All citizens deserve access to “the knowledge base that makes us human,” Wagner says. “By extension, if we are failing to fully educate people, or if we’re defining a full education with only a partial deck, we are handicapping American competitiveness and demand in the STEM fields. Narrowing the dimensionality of American society puts the United States at a disadvantage.”

If Wagner is the philosopher king of STEM, K-12 educators are the ground soldiers, attempting to realize his democratic vision within financially strapped school systems serving students from an unprecedented range of cultures and income levels.

Revamp STEM education in the name of American democracy, not geopolitical jitters, says Kadri, who oversees a school system with a vibrant mix of students. In the United States, education is first and foremost a right, not a calculated strategy for global survival, he maintains.

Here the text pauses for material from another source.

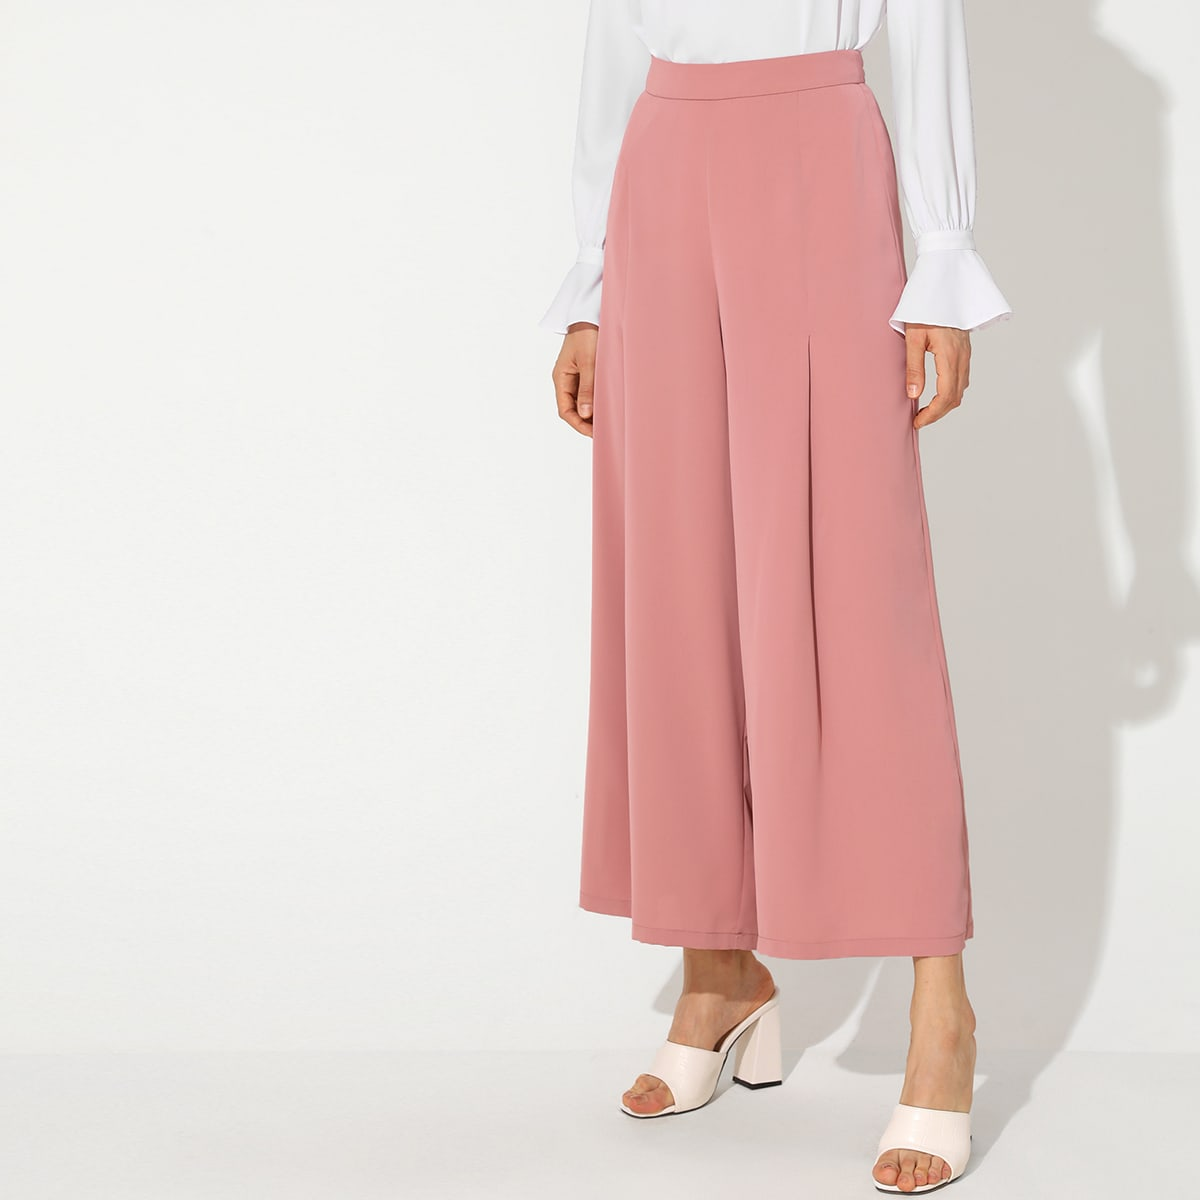 Широкие брюки со складкой фото

Assessments show that K-12 students are not learning the basic concepts that underpin geology or biology, for example. Just as lacking in the classroom, Kadri and others say, is a spirit of inquiry that spurs students to hands-on exploration to find answers that stress creative thinking rather than rote memory.

Beginning in elementary school, the most important thing is how students think and how they solve problems; not just solve them to be right but to be correct and to see the creative possibilities and implications presented by their solution, Kadri says. “If we can get students to do that, they’re probably well prepared for a future that we can only imagine.”

Under Kadri’s stewardship, Groton’s students are using hands-on science kits to learn about Earth, wind, and space. “You no longer need the traditional model of the teacher being the door through which knowledge exists,” he says. “The teacher is a facilitator who helps students sift through knowledge, organize it, present it, and be able to develop tools for understanding important principles and distinguishing what’s real and what’s not real.”